Position Yourself to Take Advantage of “Buying Opportunities”

Updated: Feb 2, 2023

What happened this week?

For the week ending on Friday February 6, 2015 the Dow (DJIA – green/blue line) closed at 17,824.29 (+4.0%), the NASDAQ (orange line) closed at 4,744.40 (+2.75%), and the S&P 500 (red line) closed at 2,055.47 (+3.0%).

Graph courtesy of Fidelity Investments. Feb 2, 2015 to Feb 6, 2015.

Since the beginning of the year, the stock market has taken us on what seems like a rollercoaster ride. I wouldn’t blame you for confusing the YTD graph below with one of the rides at a Six Flags amusement park.


The U.S. stock market ended the week on a positive note and had the biggest gain of the year thus far. The rise and fall of the stock market last week was fueled by several factors including the strong jobs growth reported on Friday, the rising price of oil, and the strengthening dollar. There was a small decline in stock prices on Friday, as the price of gold continued to fall.

What does it mean?

A solid U.S. jobs and wages growth report is an indicator of a strengthening economy, and leads to positive movement in the stock market because of increased investor confidence. Higher wages and lower unemployment mean more money flowing in the economy. A stronger economy will also support higher oil prices, hence the rise of oil futures. There is an inverse relationship between the strength of the dollar and the price of gold. When the dollar strengthens, gold prices fall and when the dollar weakens, the price of gold rises. The reason for this inverse relationship is that gold is used as a safe haven by investors; when the economy is weak and the currency is weak, investors flock to gold, driving the price higher. The strengthening dollar last week led to falling gold prices and stock prices for precious metal companies.

What should you do?

The rise and fall of the stock market is expected. Periods of decline present a “buying opportunity”; an opportunity to accumulate more shares of quality companies or mutual funds. The key is to make sure you are in a position to take advantage of these opportunities when they present themselves.

Budgeting and Dollar Cost Averaging (DCA) are two ways to ensure you are at the right place at the right time, so to speak. With DCA, you invest a set amount of money at a set frequency, regardless of how the stock market is performing.
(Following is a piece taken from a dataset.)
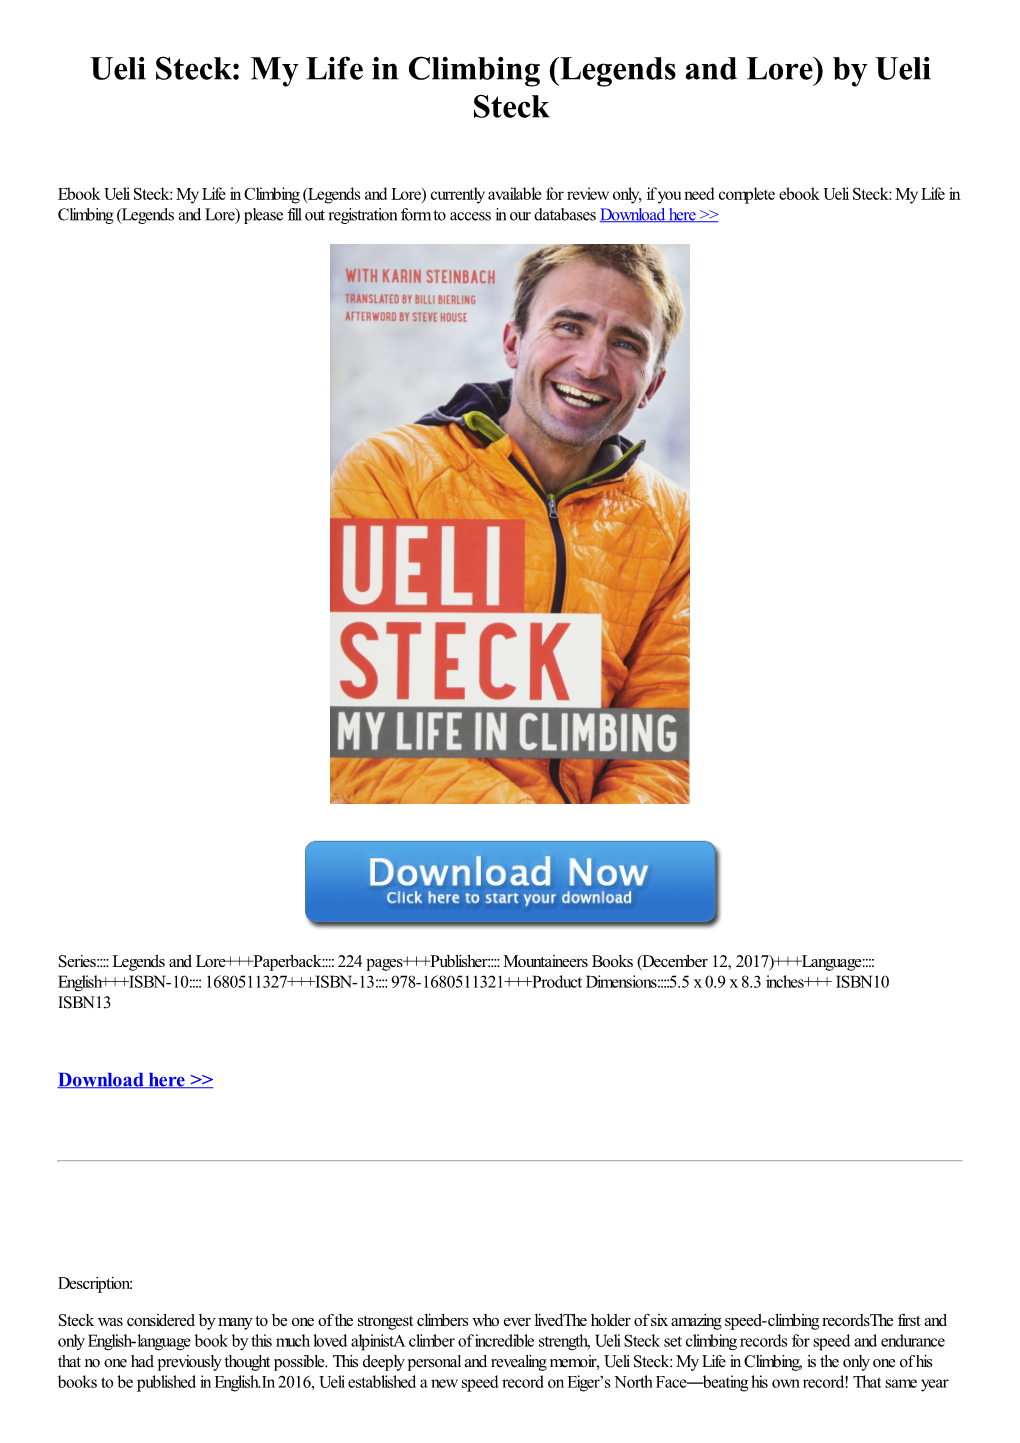 Ueli Steck: My Life in Climbing (Legends and Lore) by Ueli Steck

For example, let us say you invest $50/month in mutual fund XYZ. When the stock market is down, your $50 investment goes further because you are able to accumulate more shares of XYZ. In DCA, your focus is on accumulating shares, and remaining disciplined with your chosen investment strategy and allocation.

The second way to take advantage of buying opportunities is to budget an amount of money for investing and accumulate the cash in your investment account. During periods of market downturn, when stocks and mutual funds are “on sale”, you will be in a position to take advantage of the market downturn with a one-time purchase using the cash you accumulated.

Regardless of the method you choose (accumulating shares or accumulating cash), the goal is to plan and think ahead so that when an opportunity presents itself, you are in a position to take advantage of it.